Let $\mathcal{LG}$ be the category of connected Lie groups and local isomorphisms ($=$ coverings) as morphisms. Assigning to a group $G$ the topological space $G^m \times \mathfrak{g}^n$ defines a functor from $\mathcal{LG}$ to topological spaces, with the property that it maps all coverings to coverings. It makes sense to ask for a natural subset $U(G) \subset G^m \times \mathfrak{g}^n$. In the example from the original question, $U= \mathfrak{g}^2$, in Tom's example, it is an algebraic set, but it could be the set of all $X \in \mathfrak{g}$ with $ad$-spectral radius bounded by $1$, for example. Now let $(F_i)_G:U(G) \to G$ (one could look at maps $\to \mathfrak{g}$ as well, which is slightly easier), $i=0,1$, be continuous natural transformations.

If you unwind this definition, $F_i$ is a function that is composed out of the data that are available for all Lie groups: the group operations, the identity element, vector space operation and Lie bracket on $\mathfrak{g}$, the adjoint representation, all operations in the matrix algebra $End (\mathfrak{g})$ (as taking power series, characteristic polynomials etc), the exponential map and taking derivatives of curves through the identity element in $G$ (no attempt to make a complete list).
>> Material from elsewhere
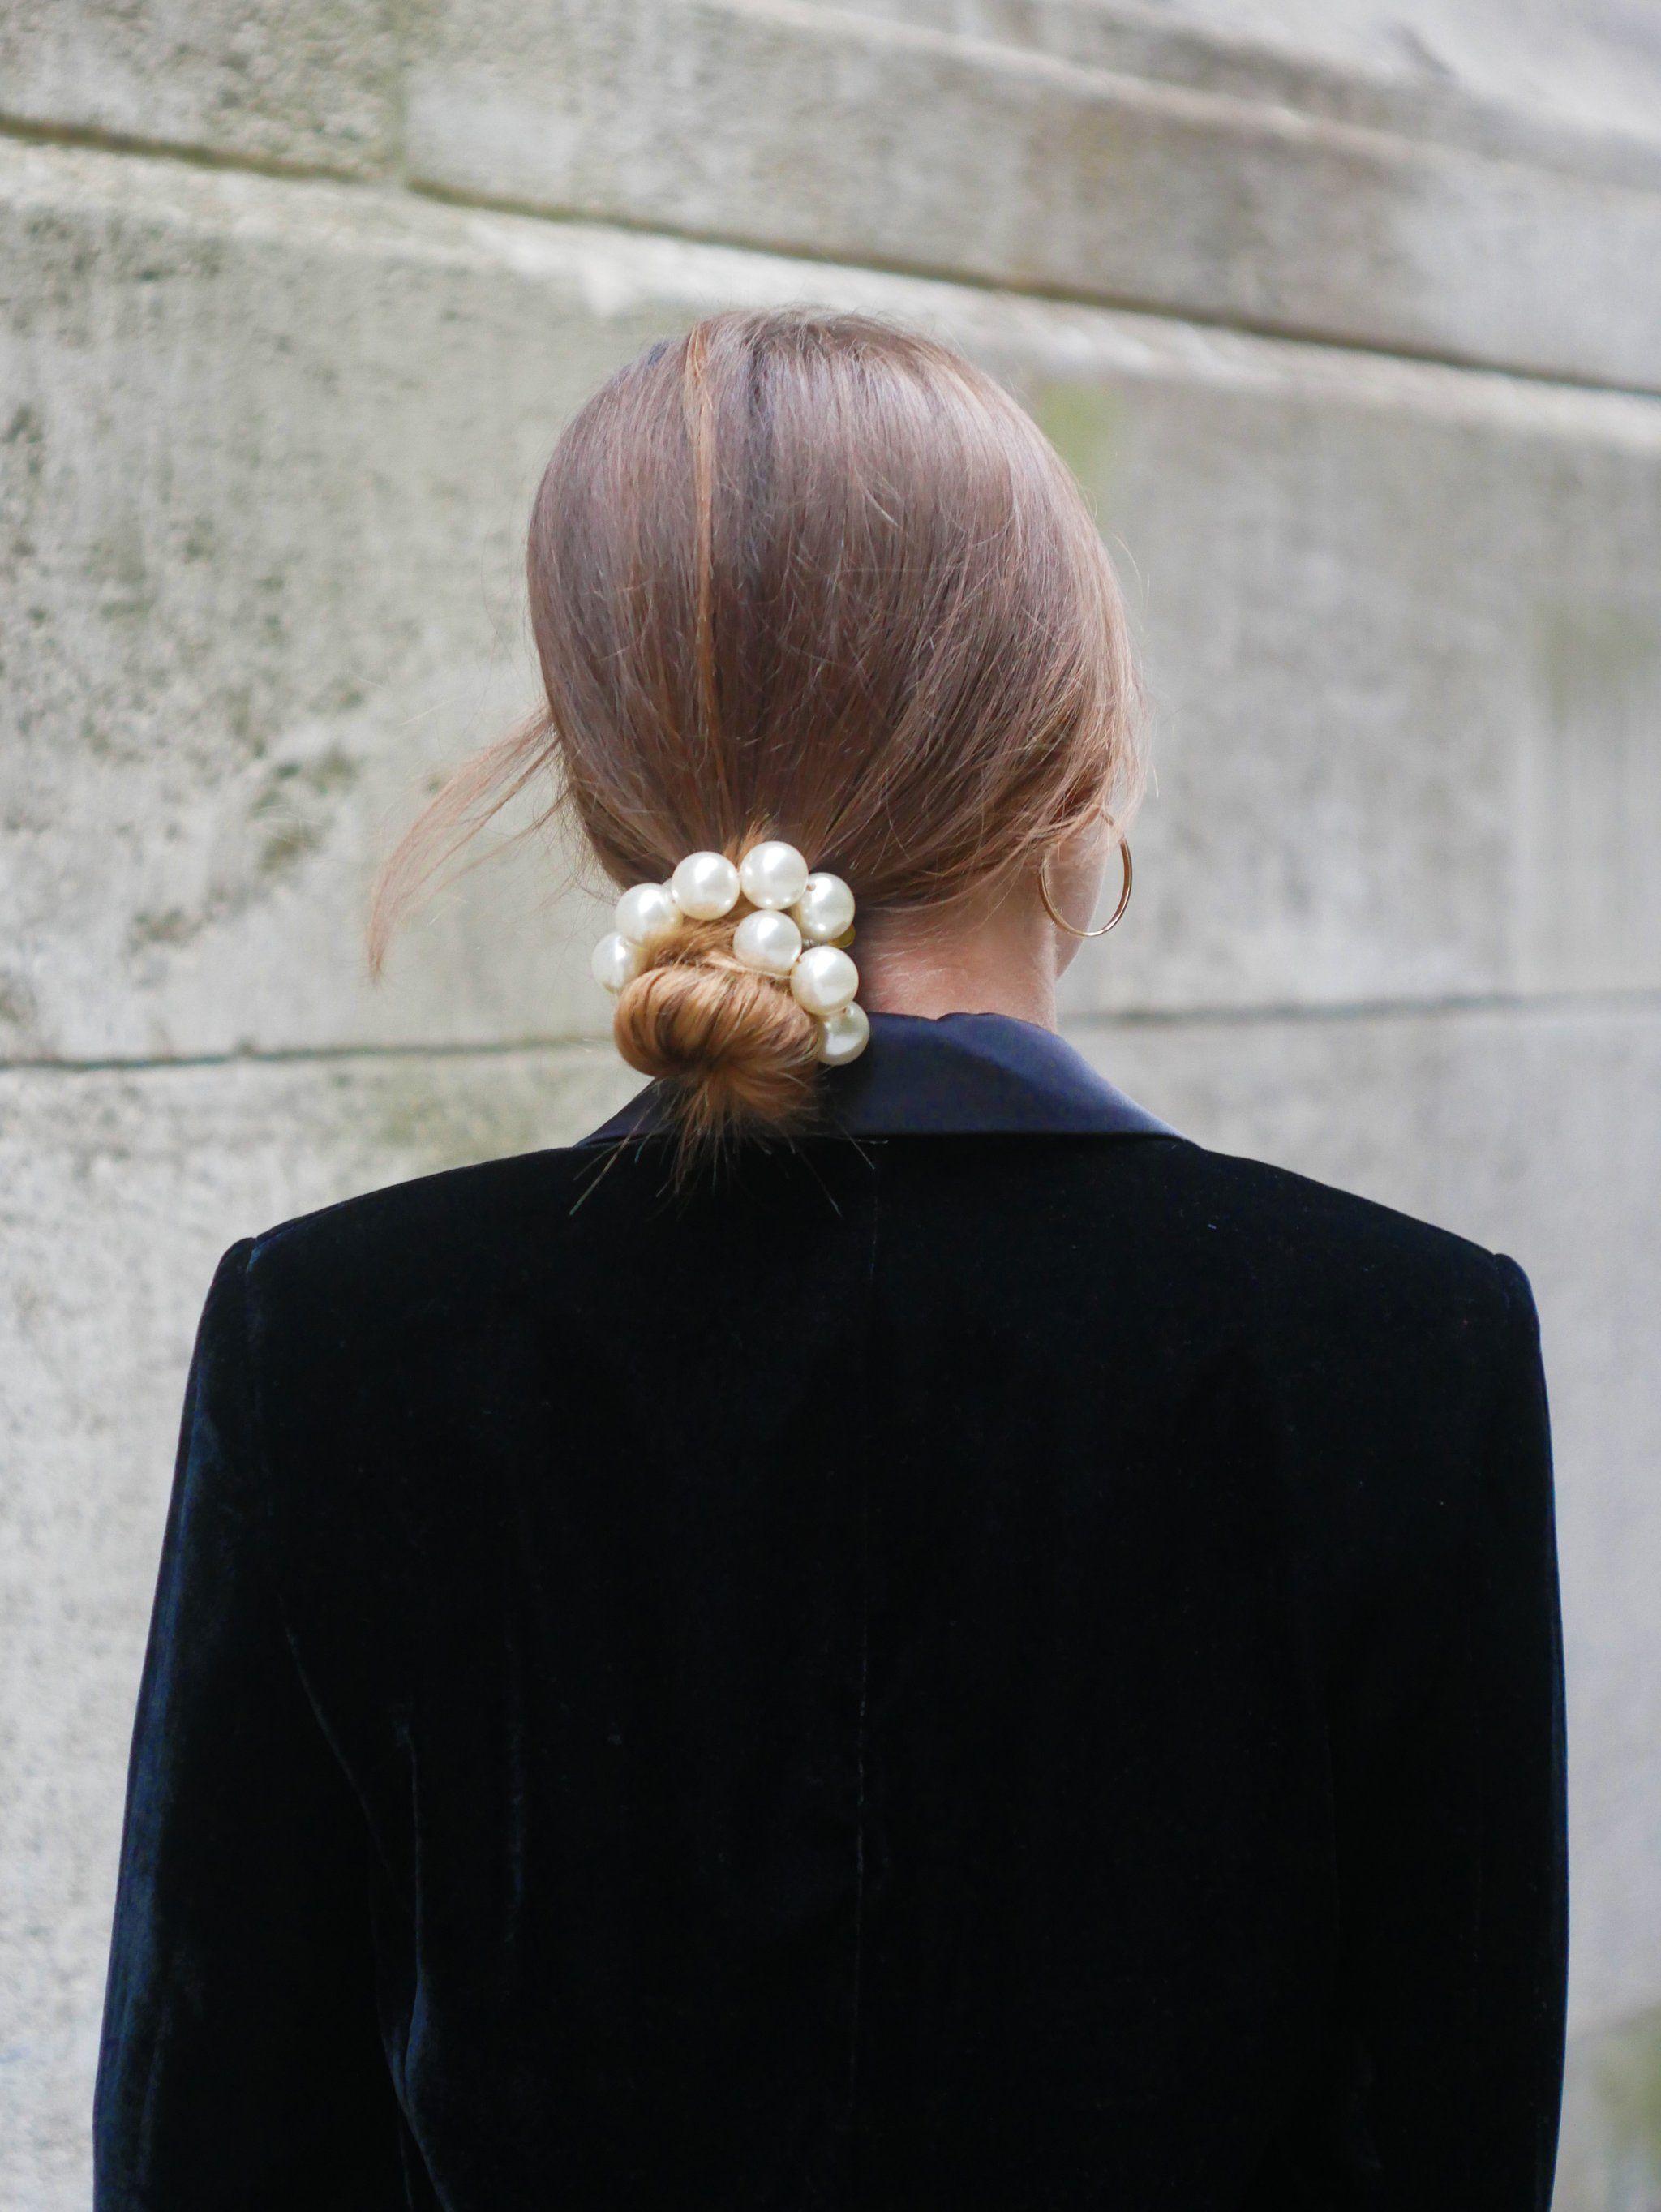 40+ Lola coiffure inspiration

Theorem: ''With the above notations, assume that

  1. $F_0=F_1$ holds for all linear groups.

  2. $U(G)$ is path-connected for all $G$ (recall that I assumed all groups to be connected);

  3. For each covering $H \to G$, the map $U(H) \to U(G)$ is surjective;

  4. There exists a natural transformation $u:\ast \to U$ of functors such that $F_0 (u)=F_1(u)$ holds for all connected Lie groups.
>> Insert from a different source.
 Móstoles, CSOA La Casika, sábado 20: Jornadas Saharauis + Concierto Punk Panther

Then $F_0=F_1$ is true for all connected Lie groups.''

Proof: ''Denote by $P(G)$ the statement that the Theorem holds for $G$. For each connected Lie group $G$, there exist, by Ado's theorem, a Lie group $H$, a linear Lie group $L$ and coverings $H \to G$ and $p:H \to L$. Naturality and assumption $3$ show the implication $P(H) \Rightarrow P(G)$ and the tricky part is $P(L) \Rightarrow P(H)$. Observe that $p \circ (F_0)_H = (F_0)_L \circ p_U = (F_1)_L \circ p_U = p \circ (F_1)_H$; the second equality is assumption $1$. Therefore, $(F_0)_H$ and $(F_1)_H$ are both lifts of the map $(F_0)_L \circ p_U$ through the covering $H \to L$. By assumption $2$, they have to coincide once they coincide at one point, which is the content of assumption $4$. qed.''

The proof makes clear that one can restrict to the subcategory of connected Lie groups whose Lie algebra is isomorphic to one of a fixed set $S$ of Lie algebras, say $S=\{\mathfrak{sl}_2 (\mathbb{R})\}$.
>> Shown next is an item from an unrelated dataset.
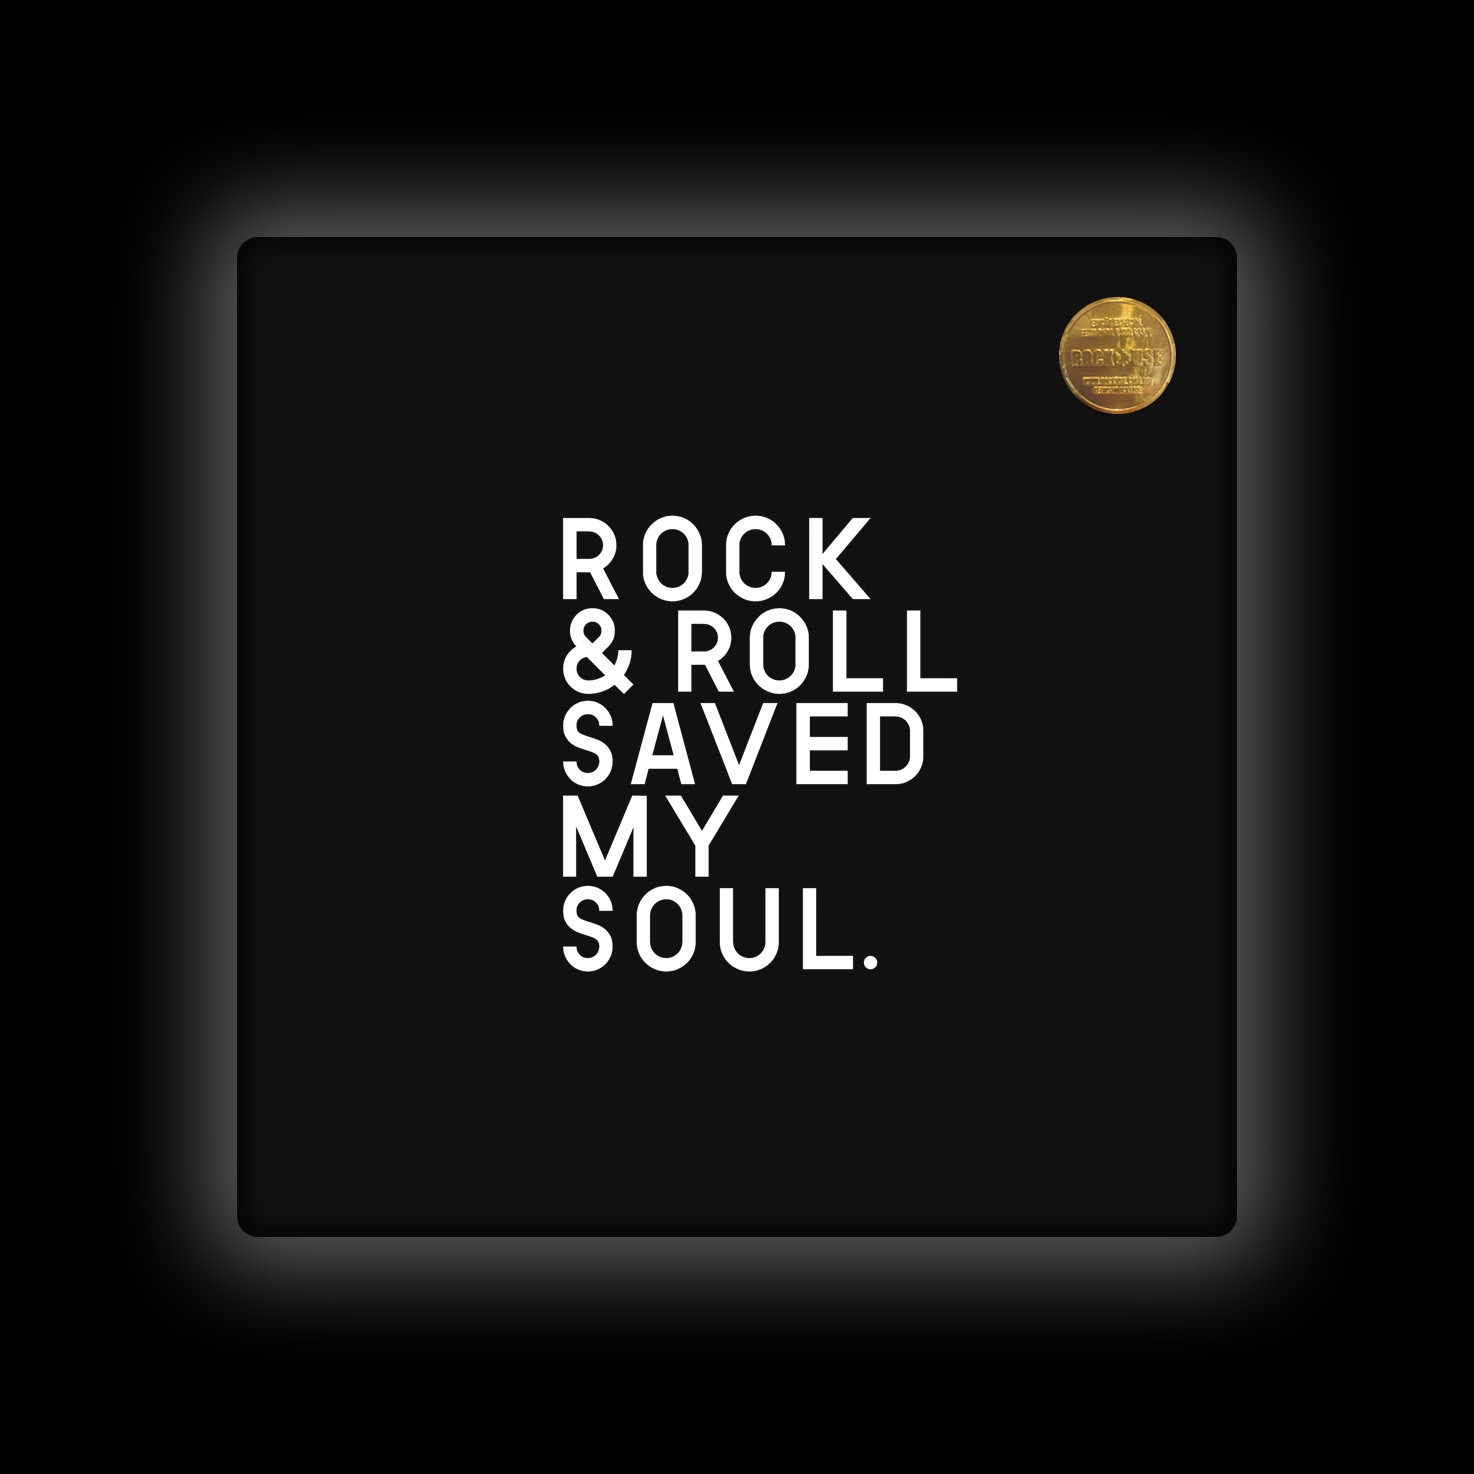 Capa de Almofada Rock Use - Rock & Roll Saved My Soul - Preta

The set $U$ in Toms example has at least two components: the boring one is $\{(0,0\}$ and other one contains those $(X,Y)$ that generate $\mathfrak{sl}_2 (\mathbb{R})$ (this is probably connected). It is assumption $3$ that fails for this component.

The proof also shows that the target of the transformations $F_i$ can be more generally any functor from $\mathcal{LG}$ that maps local isomorphisms to coverings.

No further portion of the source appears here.